Edgard Varèse’s Amériques, also on the program, came at the start of the
20th century, and in essence announced, according to Robertson, that
despite the problems of large urban environments, the composer is
tremendously excited by them, as he’s coming to America as an outsider,
from European cities, which are smaller and more densely packed. To
Varèse, the skyscrapers in Manhattan are monuments to what mankind is
capable of achieving.
The person most
famously influenced by Varèse, Frank Zappa, composed his “Dupree’s
Paradise” in order to — “I mean,” says Robertson, laughing, “he called a
piece ‘Lumpy Gravy,’ and how am I supposed to deal with that? But that’s
precisely the wonder of Zappa, that he grew up in this landscape that the
others are writing about in music, and that gives yet another take on what
it is: the city as a metaphor for the human condition.
“The notion of culture
is not just one thing, it’s a combination of a lot of different
experiences,” he continues. “It’s the whole melting-pot idea that goes
throughout the program, and it expresses and contrasts itself in something
like Ives’ Central Park in the Dark; it expresses itself in the case of something like Feldman’s Turfan
Fragments, where there’s so much
going on that you end up not being able to grab anything but a phantom.”
Other works on the
program, including Boulez’s . . . explosante-fixe . . .
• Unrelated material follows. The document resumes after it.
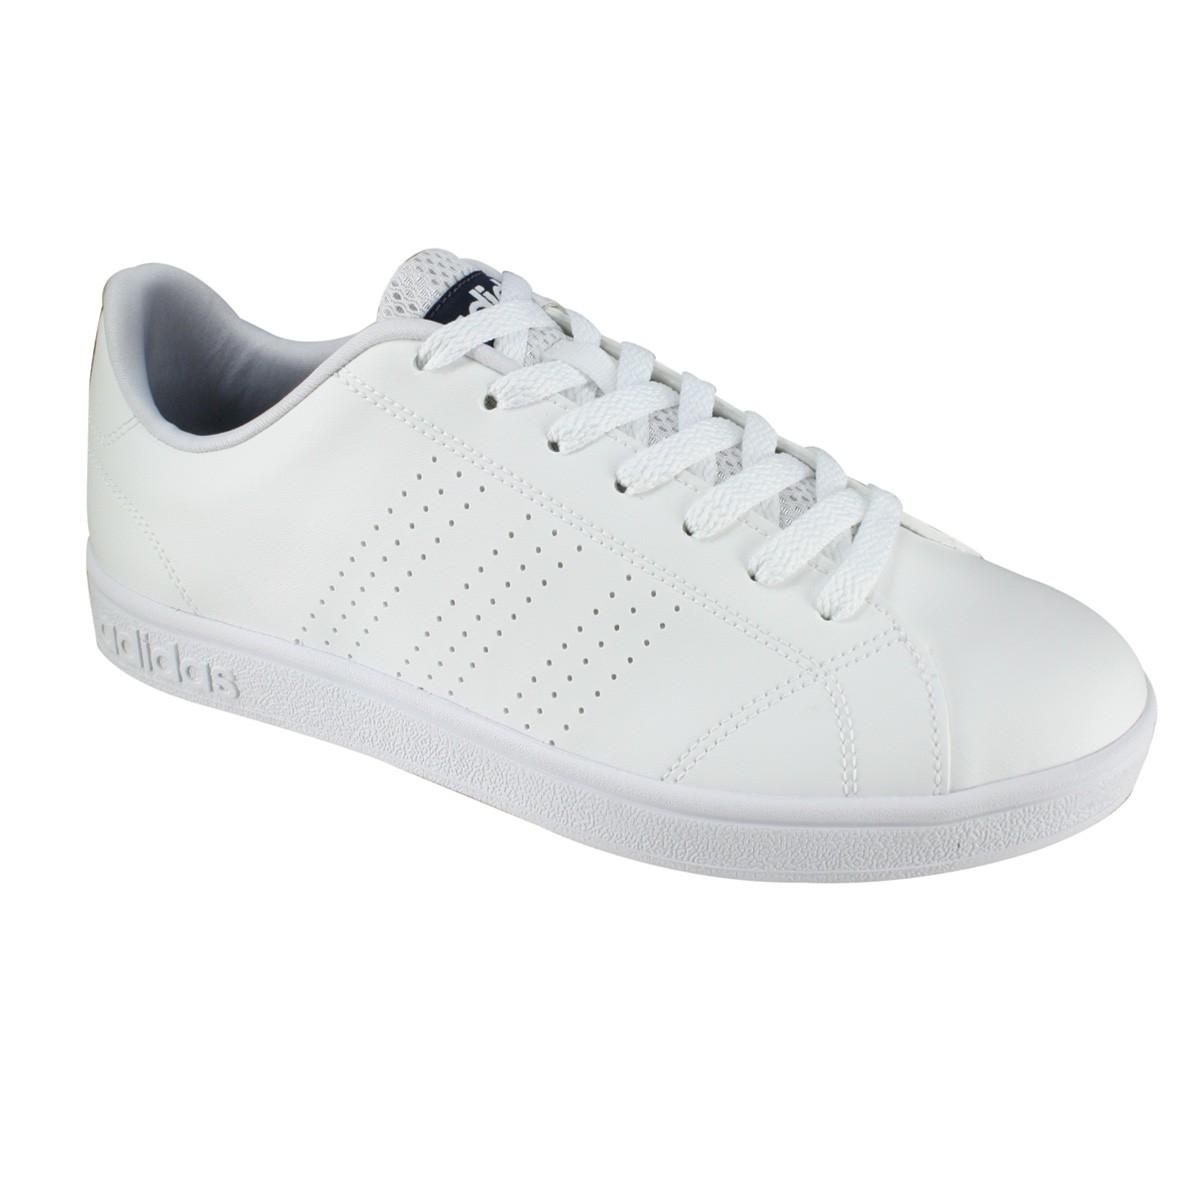 7f44478e342 Tênis Adidas Advantage Clean VS F99252 - Branco - Calçados  Online .. ... ba5ed15b668c9

and Michael Gordon and filmmaker Bill Morrison’s
new untitled collaboration, take on the palimpsests of Los Angeles, Rome or
Jerusalem or other many-historied locations in varied angles, the point
being that in order to build a new city, you’ve got to build atop or around
the ruins of an old one and, in the course of construction, consider the
cost and benefit of the new technology with which you’re creating the
modern structure.
“There’s all of this
amazing stuff happening in technology at the breakneck speed of light,”
says Robertson, “and art will be created in the same way. Boulez really
embraces this; he uses the technology to do things that without the
technology would be impossible to realize, even if you had a whole army of
musicians. It’s a bionic type of thing.”
“Concrete Frequency”
contrasts these orchestral interpretations with another musical series,
drawn from the world of contemporary rock, folk and pop. The series’
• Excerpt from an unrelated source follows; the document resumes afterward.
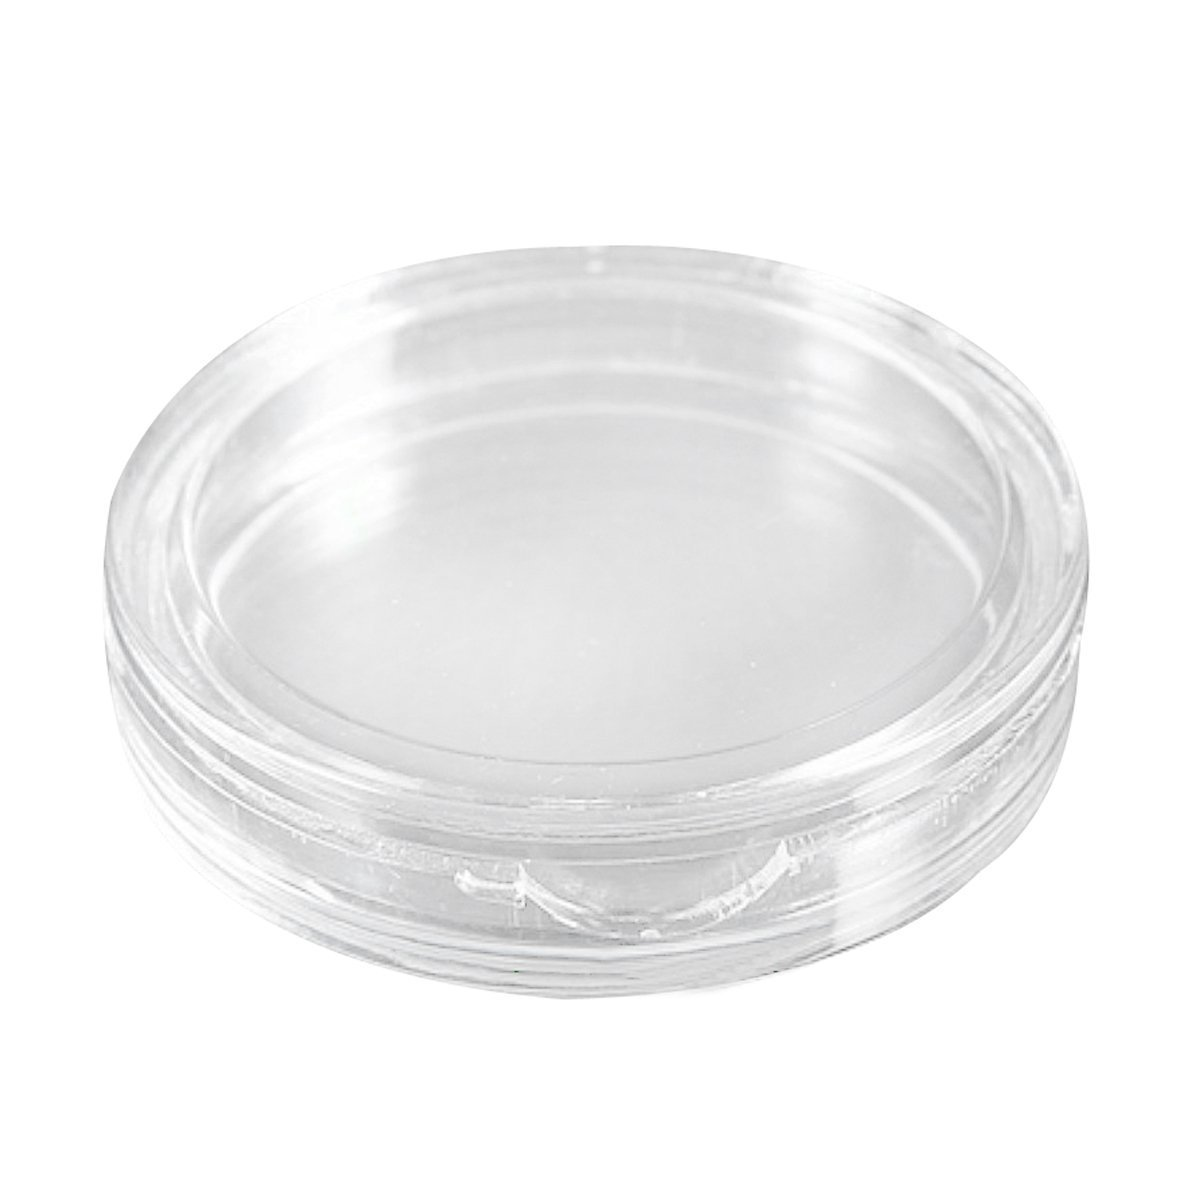 SODIAL(R) 10 pcs Small round transparent plastic coin capsules box 21mm

curator, Johanna Rees, brings in a widely varied crew, including Norwegian
avant-romantic tunesmith Sondre Lerche, ex-Hüsker Dü singer-guitarist Bob
Mould, Inara George of the Bird and the Bee, infamous gadfly
arranger-composer-pianist Van Dyke Parks, John Doe, Kyp Malone of TV on the
Radio, Biirdie, Zooey Deschanel, Daniel Rossen of Grizzly Bear, and several
others. They’ll perform in a living-room, informal kind of format, each
delivering single songs accompanied only by piano or guitar.
“The festival is
centered on how the urban environment influences and inspires and affects
the artist,” says Rees. “I asked artists who’ve all been living city to
city, as touring artists; I chose not to go for any rock stars, as such.
They’re continuing to tour and play live; at some level, they’re going in
and out of cities anonymously and not really knowing where they are the
next weekend or next day.
“It’s hearing what
those types of things have to say in terms of how it affects their
songwriting, and really having an urban existence. It’s not so much that I
wanted them to write a specific song about Chicago or New Orleans; however
that manifested itself in song, that’s what I wanted.”
An additional night of
electronic music features perhaps two natural choices in a more literal
sense: England’s laptop duo Plaid, and Cornelius, from Tokyo — the most
densely populated city in the world. “His music is rooted in city life,”
says Rees. “There’s such an edge to it, and such an unpredictability and
spontaneity about it. If you went to Tokyo, and you had the soundtrack to
that city, this is what it would sound like.”